Derive the equation of the normal to the parabola $y =x^2-6x+6$ perpendicular to the straight line joining the origin to the vertex of the parabola.
Let us find the slope of the parabola by differentiating both sides of equation $ \frac{dy}{dx} = 2x-6$
Let the vertex of the parabola be P $(x_1 ,y_1)$ slope of the line joining point P and origin is $\frac{y_2-y_1}{x_2-x_1}$ here $ x_2 = y_2 =0$ being origin.
therefore slope is $\frac{y_1}{x_1}$
This slope is perpendicular to the given normal ( whose equation is required)

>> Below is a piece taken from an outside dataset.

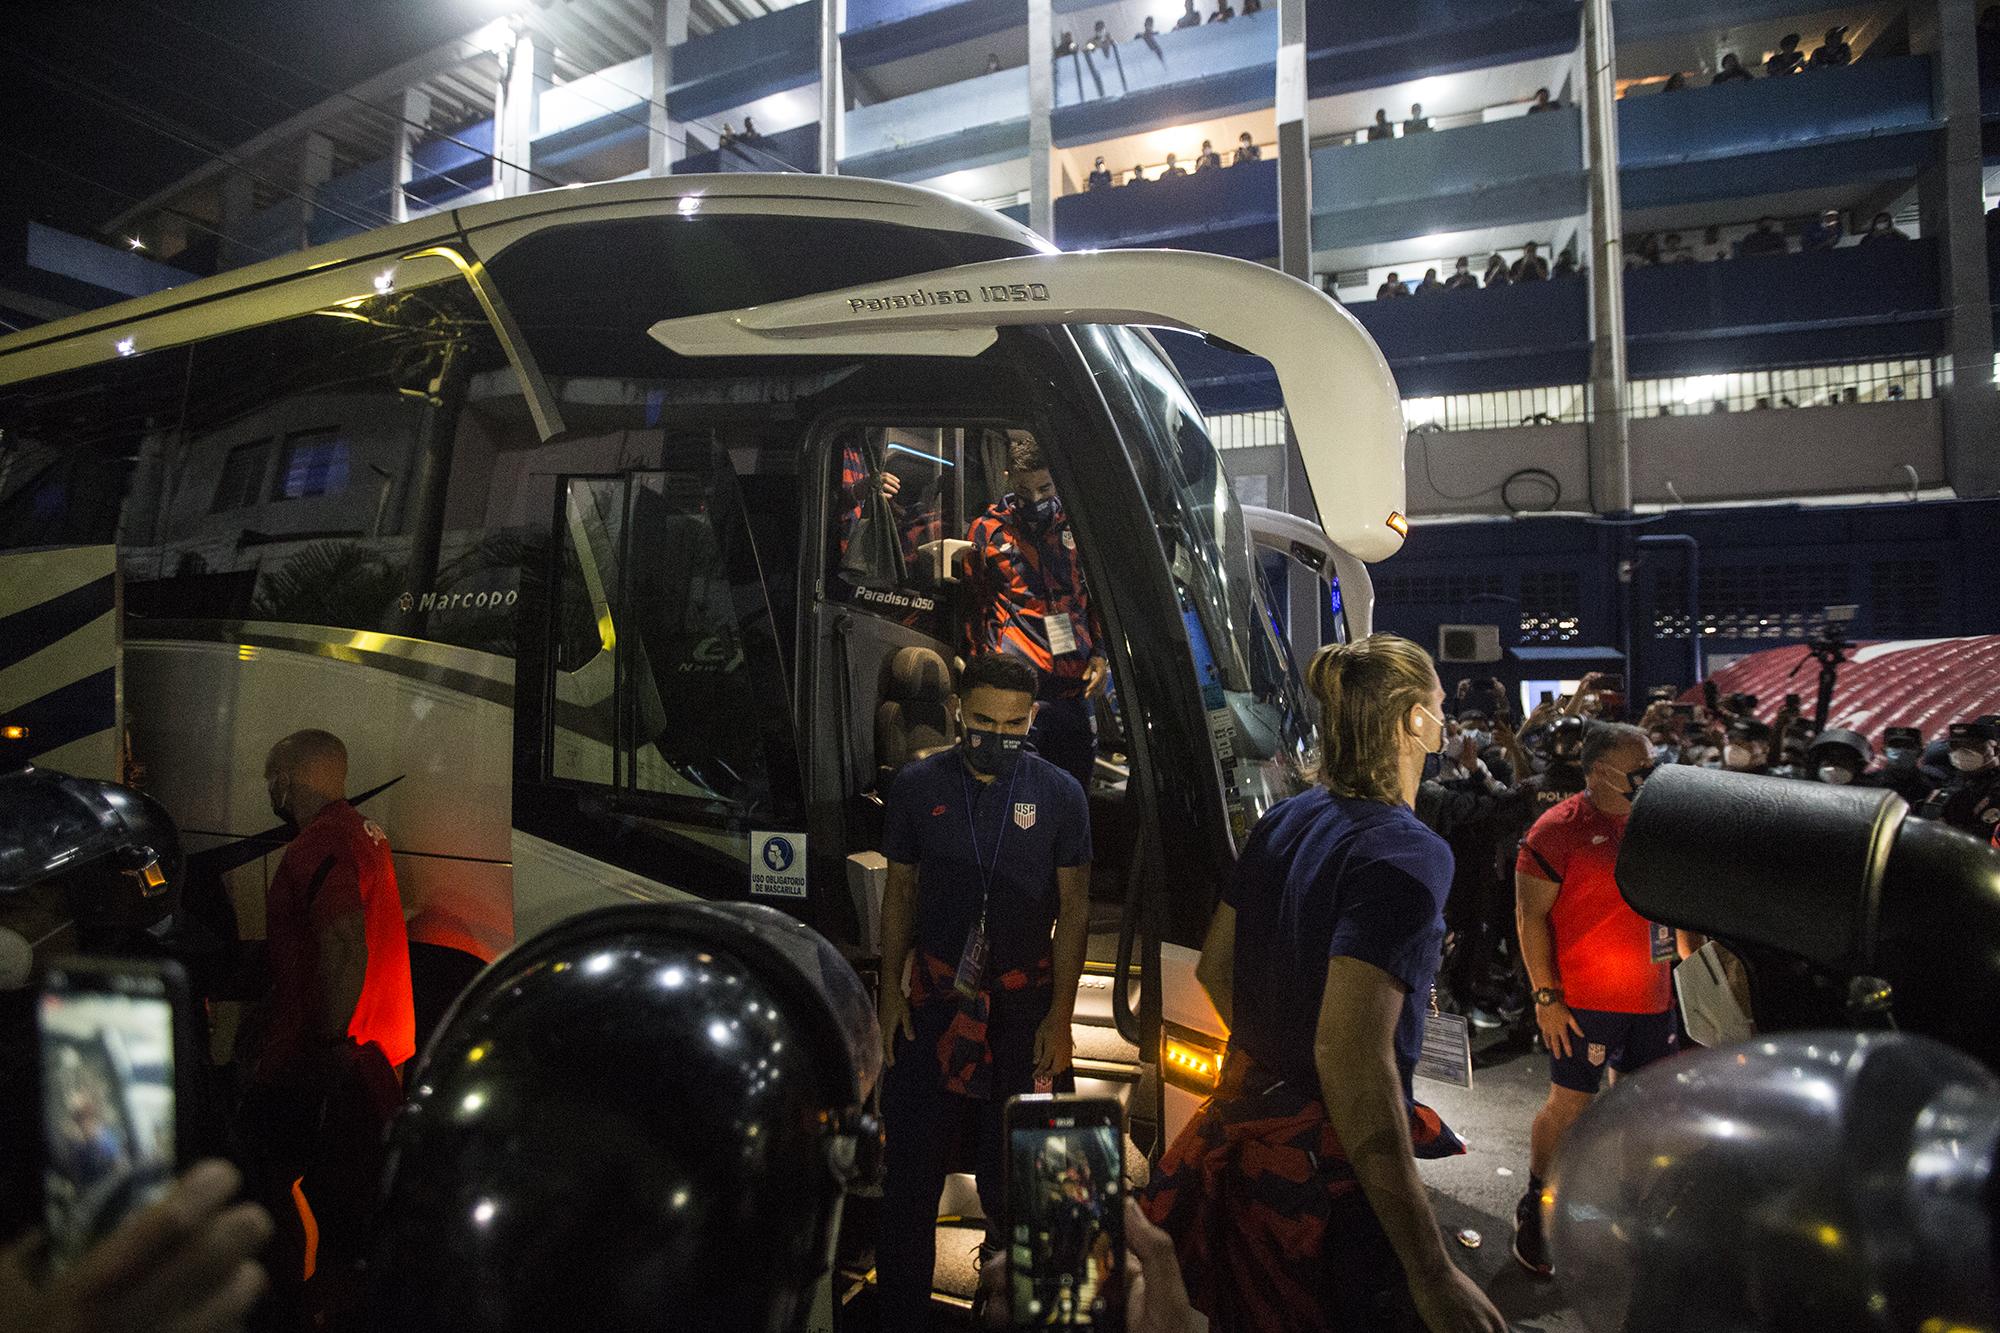 Cristian Roldán arrives at the stadium 20 minutes after his brother. Fans lob insults at him and the other U.S. players: “Cristian, fucking racist,” yelled one Salvadoran fan when Roldán stepped off the bus.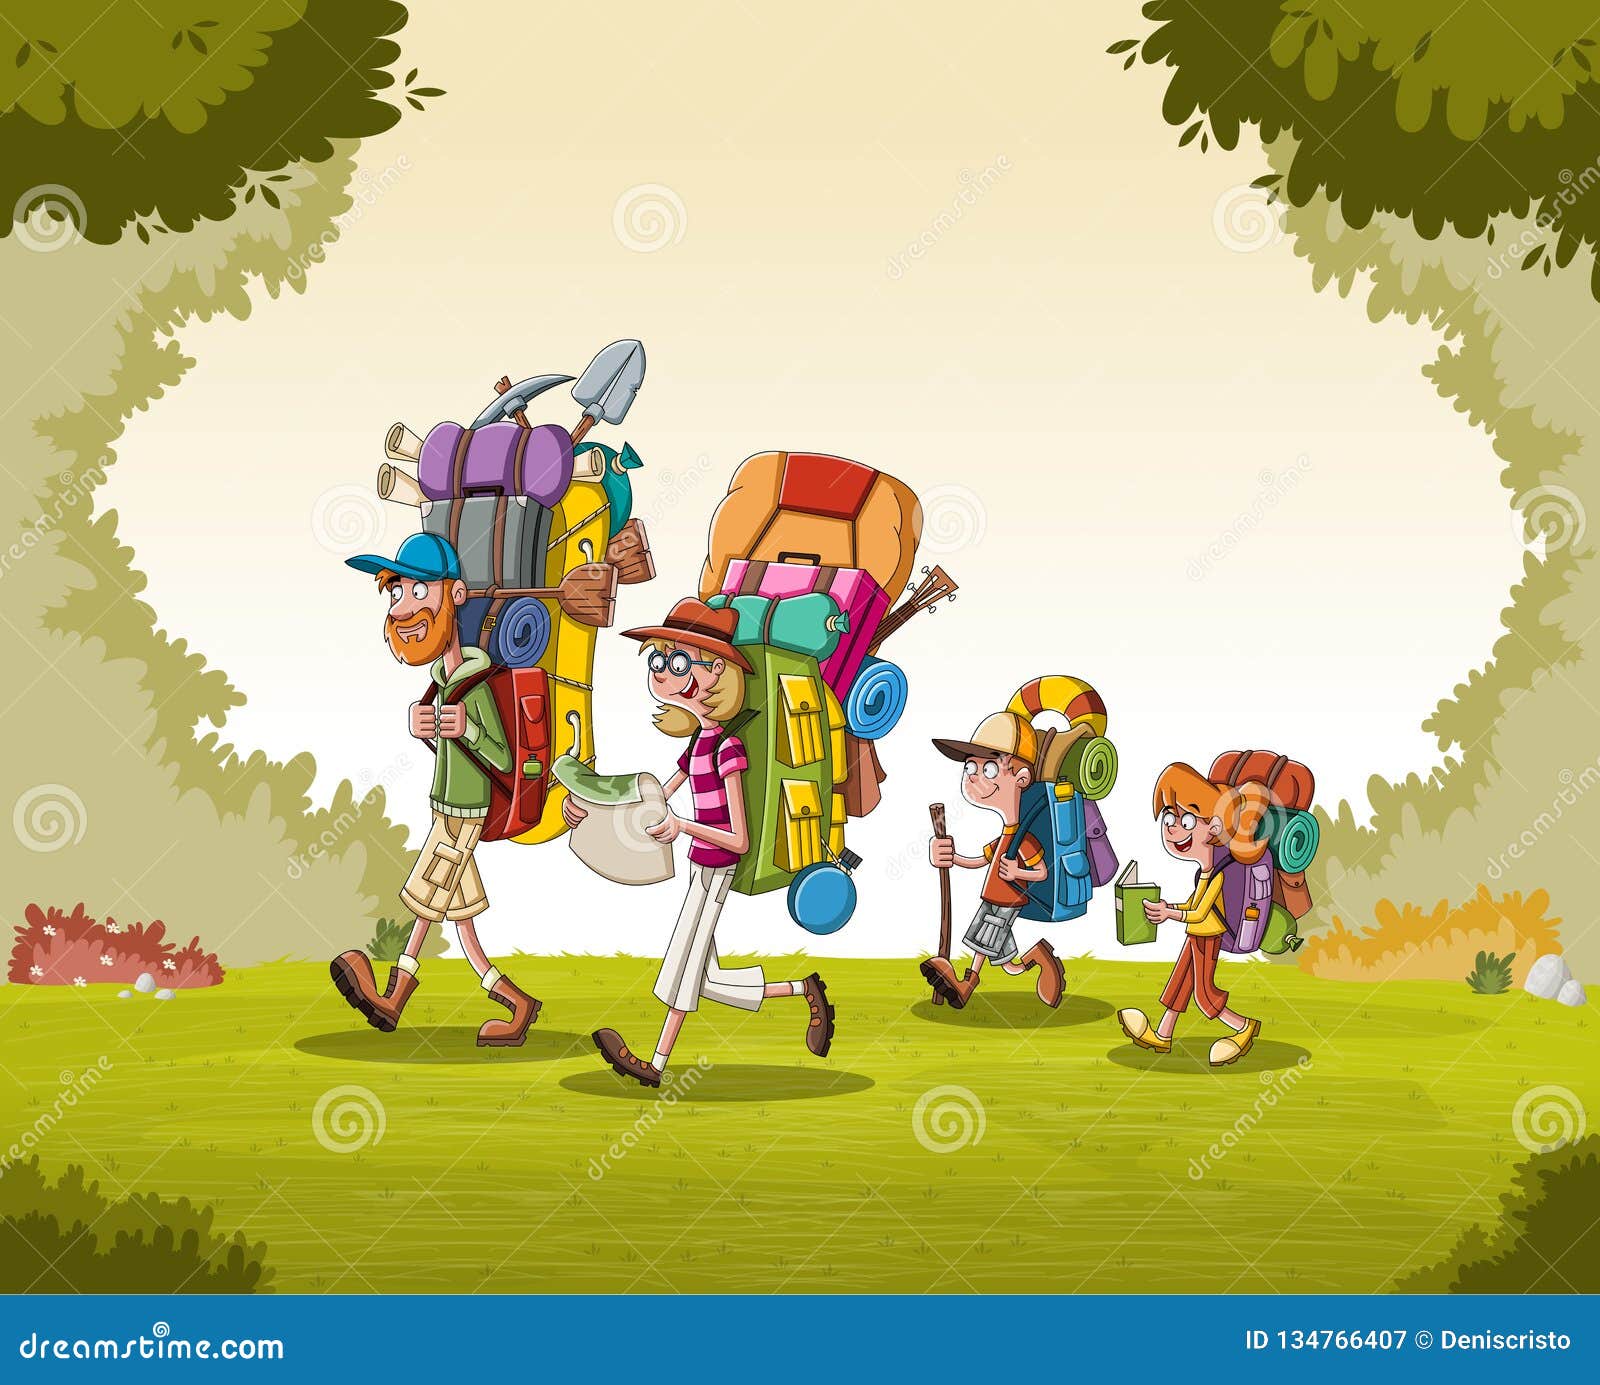 Cartoon Family with Big Backpacks on Green Park. People Hiking on Nature  Background Stock Vector - Illustration of character, adventure: 134766407

Please guide further.. Thanks..
Best Answer
In general, a parabola can be written in the form $$(y - a)= k(x - b)^2$$
where $(a, b)$ is the vertex of the parabola, and $k$ is some non-zero constant.
$$y =x^2-6x+6 \iff (y - 3) = x^2 - 6x + 9 \iff (y + 3) = (x - 3)^2$$
Hence, you have a parabola whose vertex is $(3, -3)$, which opens up.
Can you use what you know now?
Also, if the slope of a tangent line is $m$, then the slope of the line normal to the tangent line is $\frac{-1}{m}$.